PROBLEM TO SOLVE - Apart from the pictures, everything in the lines below must be printed exactly.

INPUT DATA -

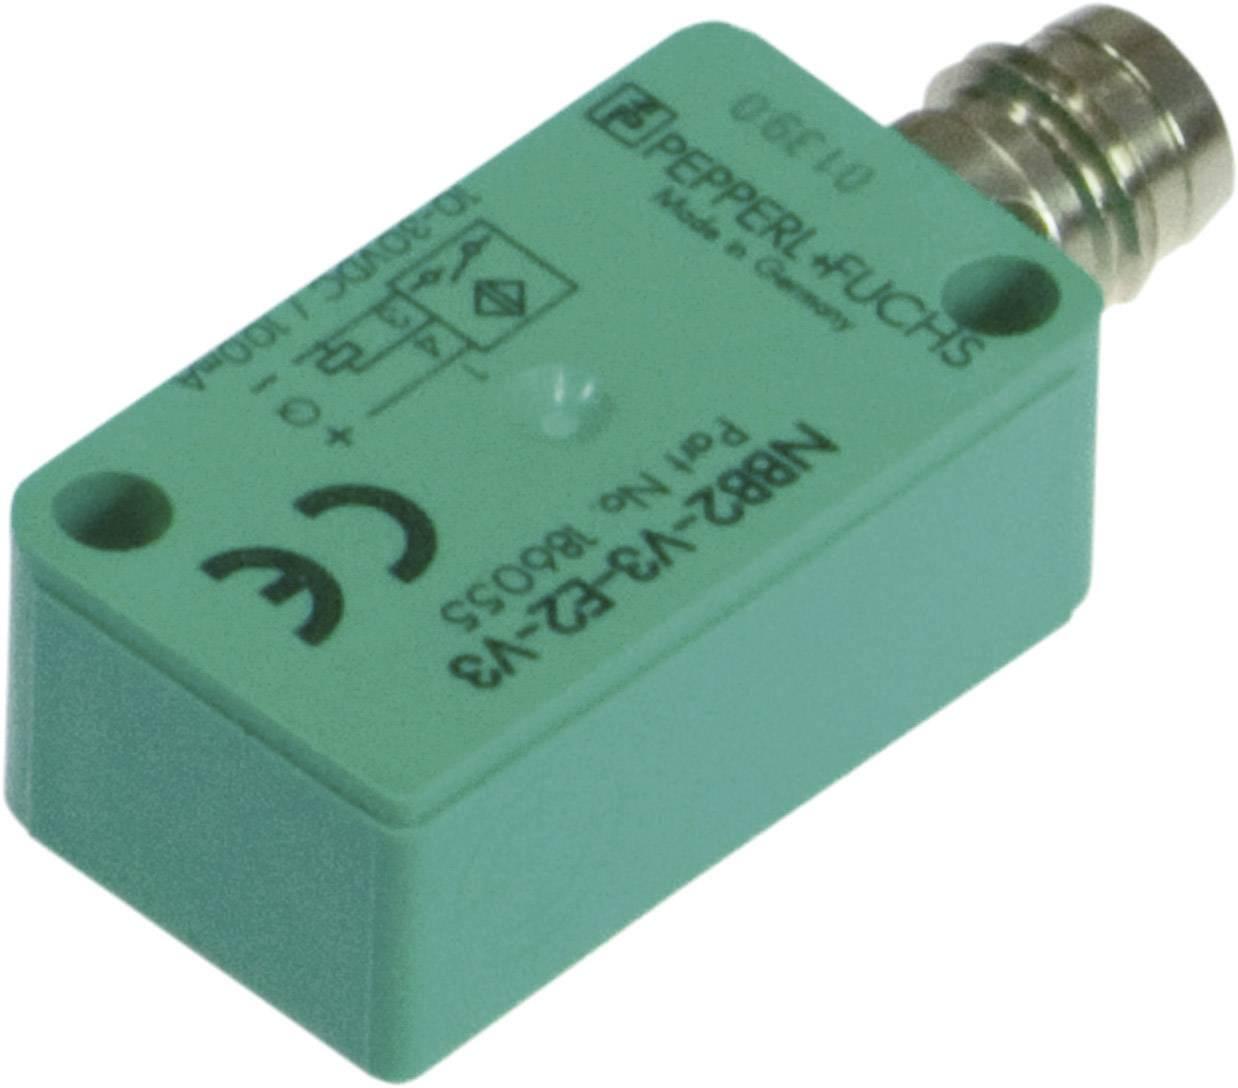 Indukčný senzor priblíženia Pepperl & Fuchs NBB2-V3-E2-V3, 10 x 16 mm, spínacia vzdialenosť (max.) 2 mm
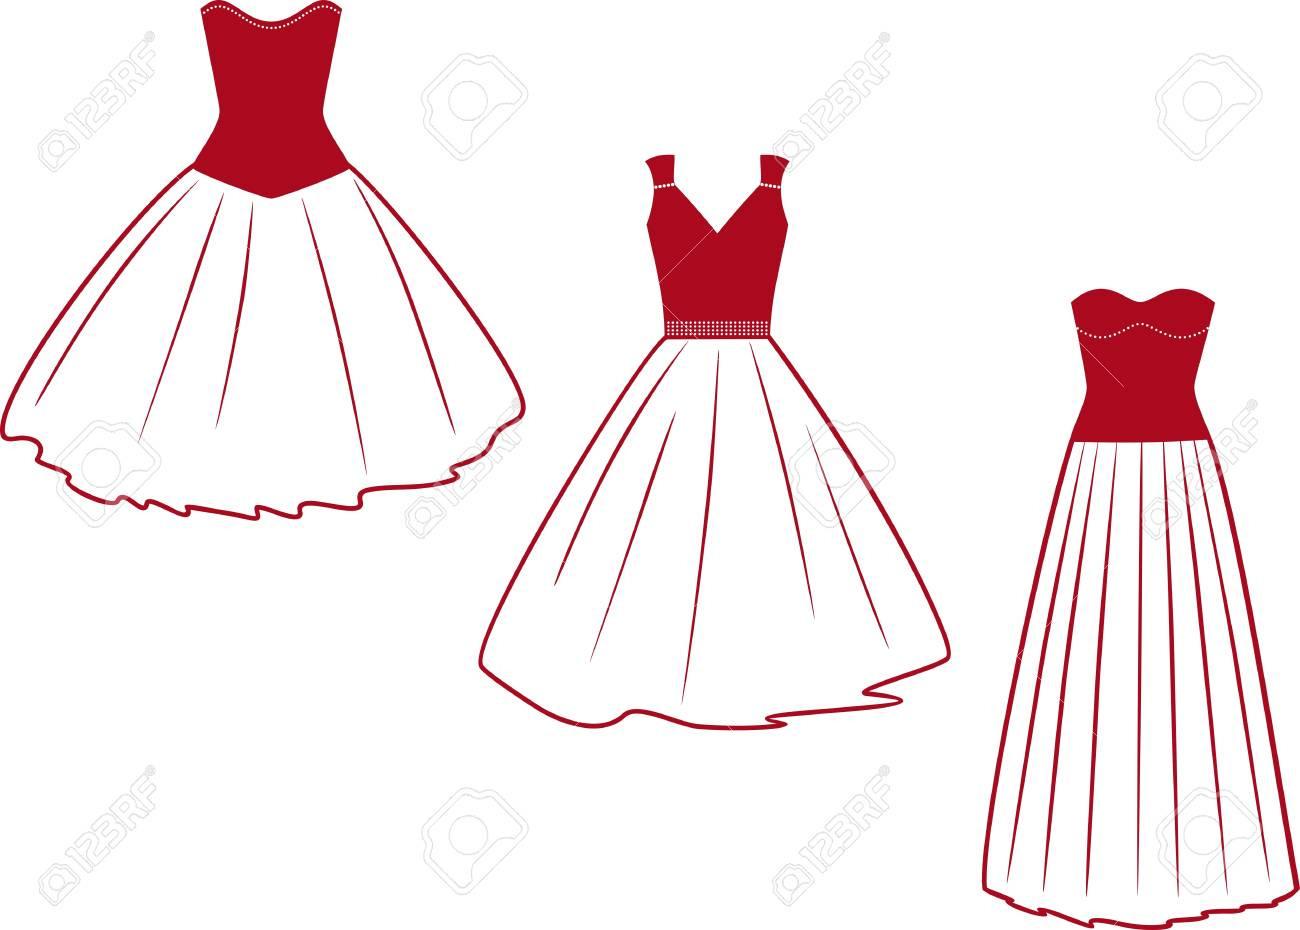 10 Schön Abend Dress Vector Stylish10 Fantastisch Abend Dress Vector Boutique
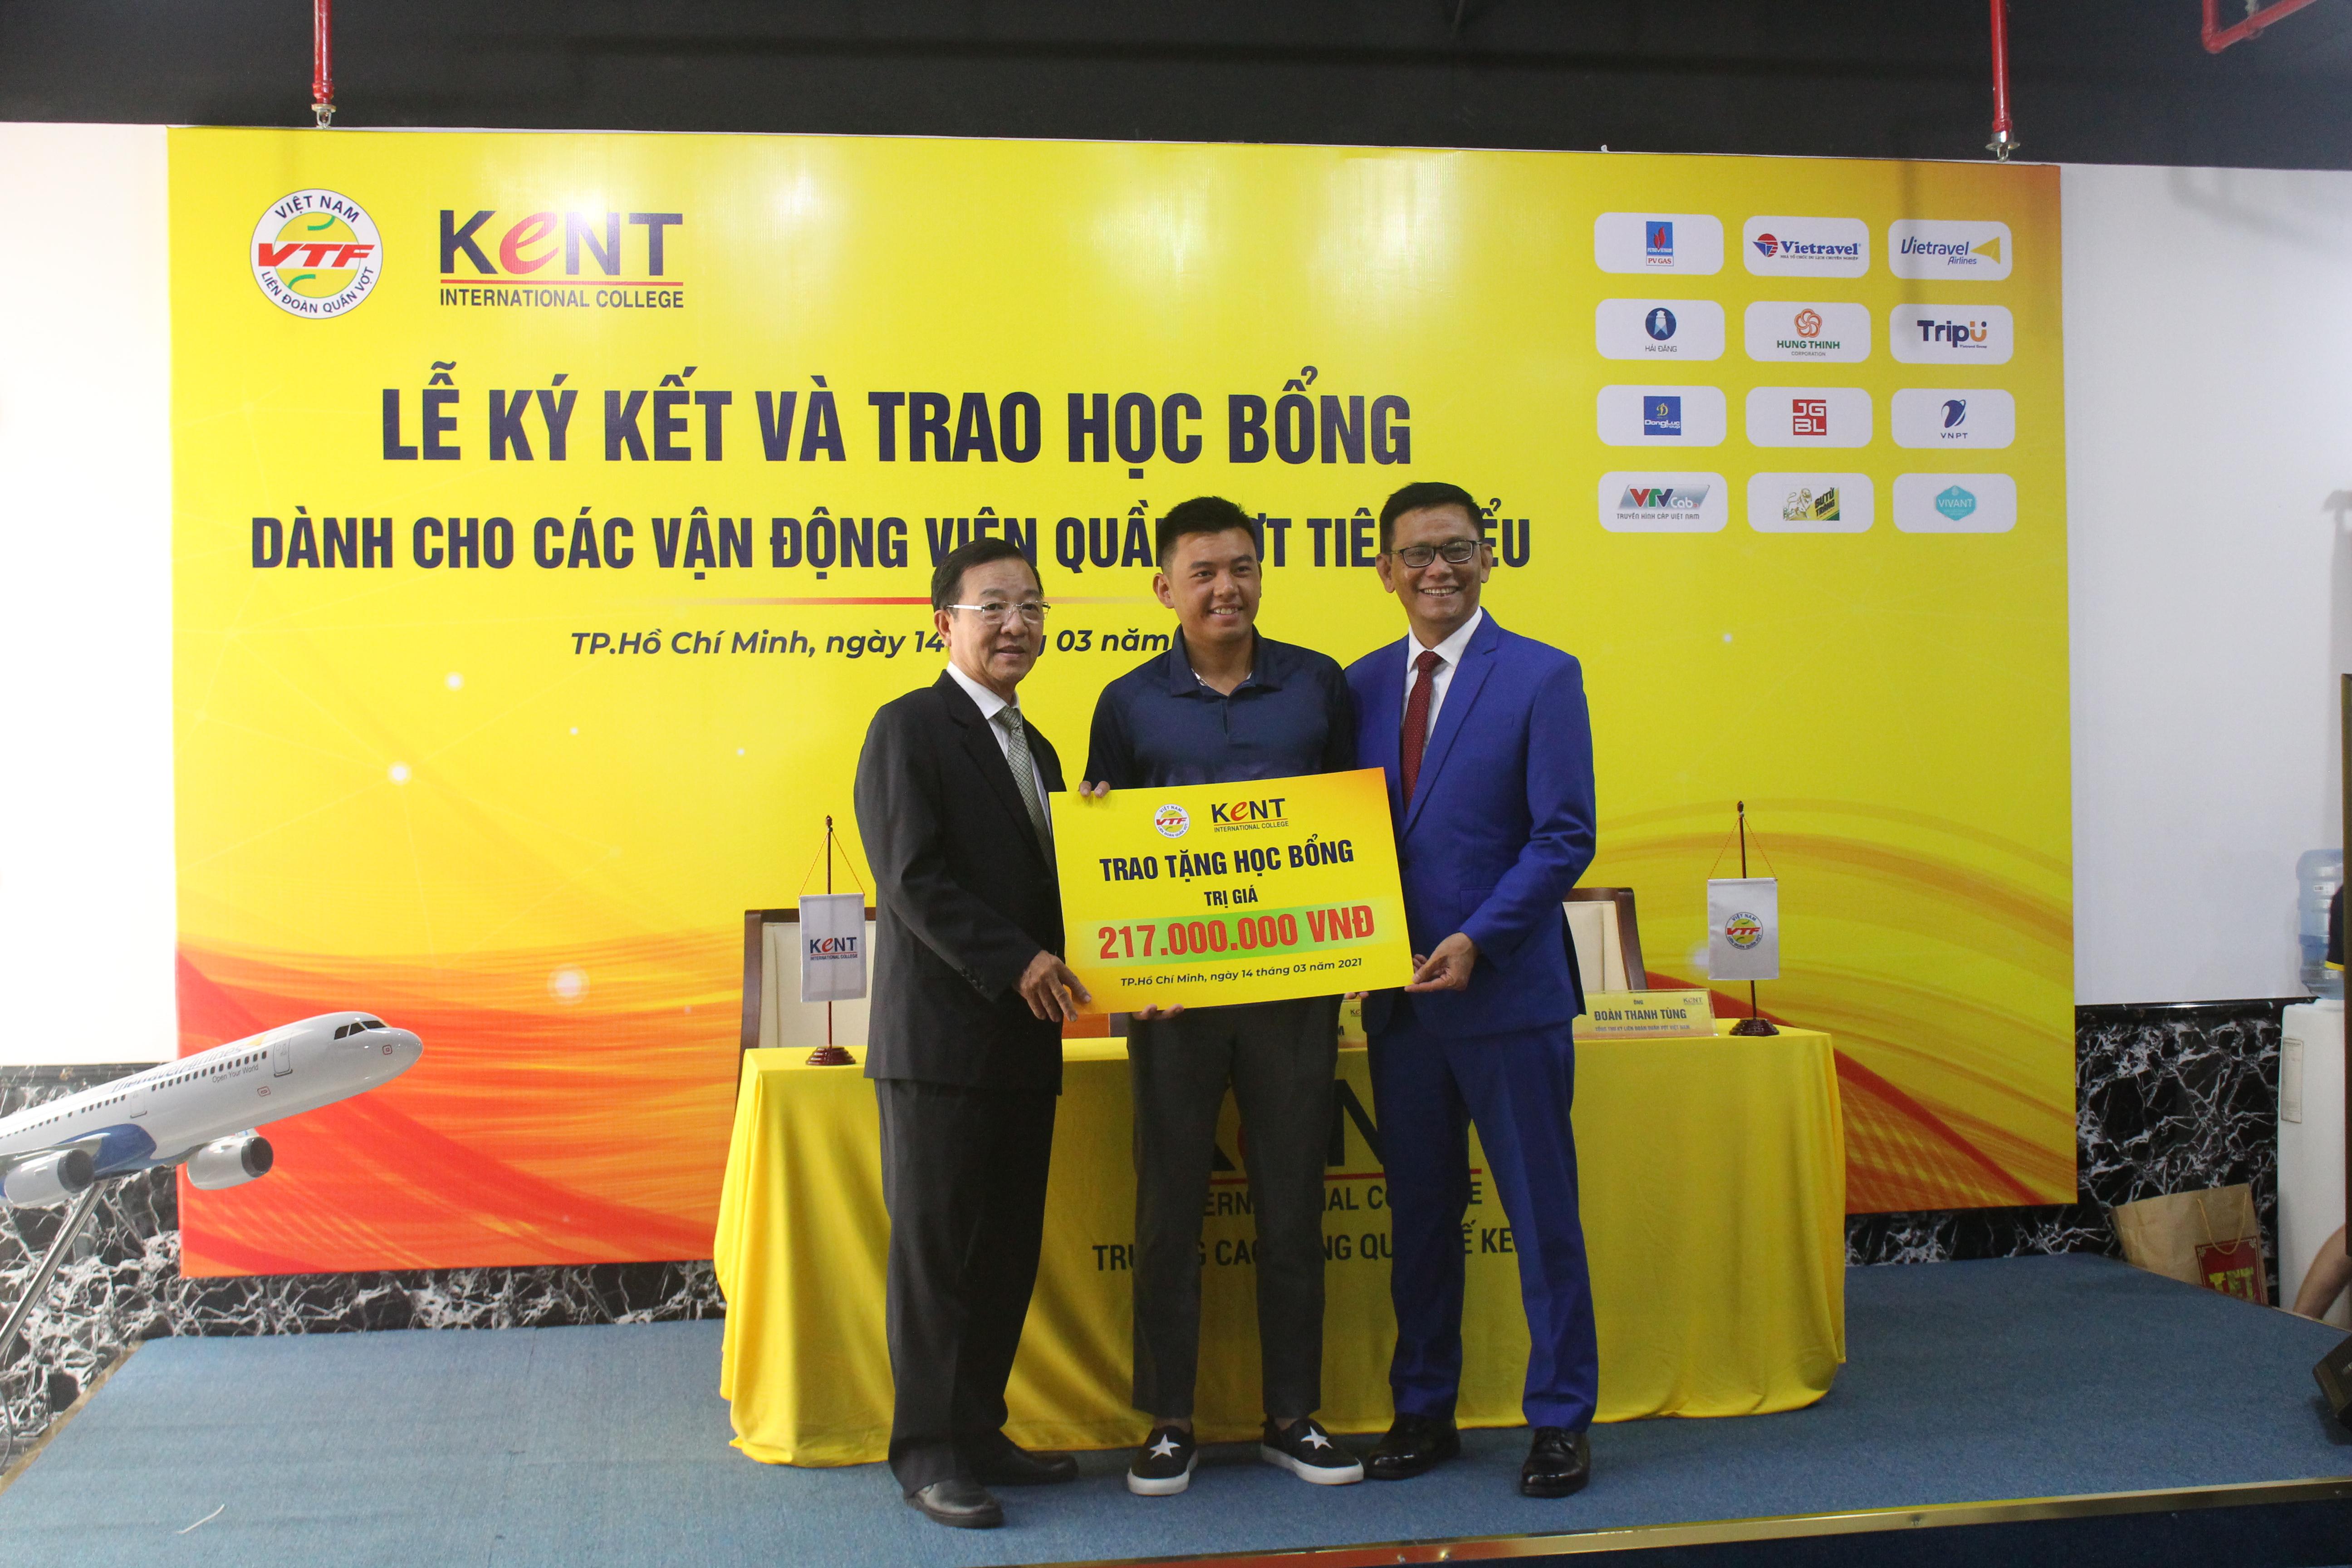 Hình ảnh: Lý Hoàng Nam cùng 3 VĐV quần vợt nhận học bổng của trường Cao đẳng Quốc tế Kent số 6

OUTPUT FOR THIS EXERCISE -
 Indukčný senzor priblíženia Pepperl & Fuchs NBB2-V3-E2-V3, 10 x 16 mm, spínacia vzdialenosť (max.) 2 mm
 10 Schön Abend Dress Vector Stylish10 Fantastisch Abend Dress Vector Boutique
 Hình ảnh: Lý Hoàng Nam cùng 3 VĐV quần vợt nhận học bổng của trường Cao đẳng Quốc tế Kent số 6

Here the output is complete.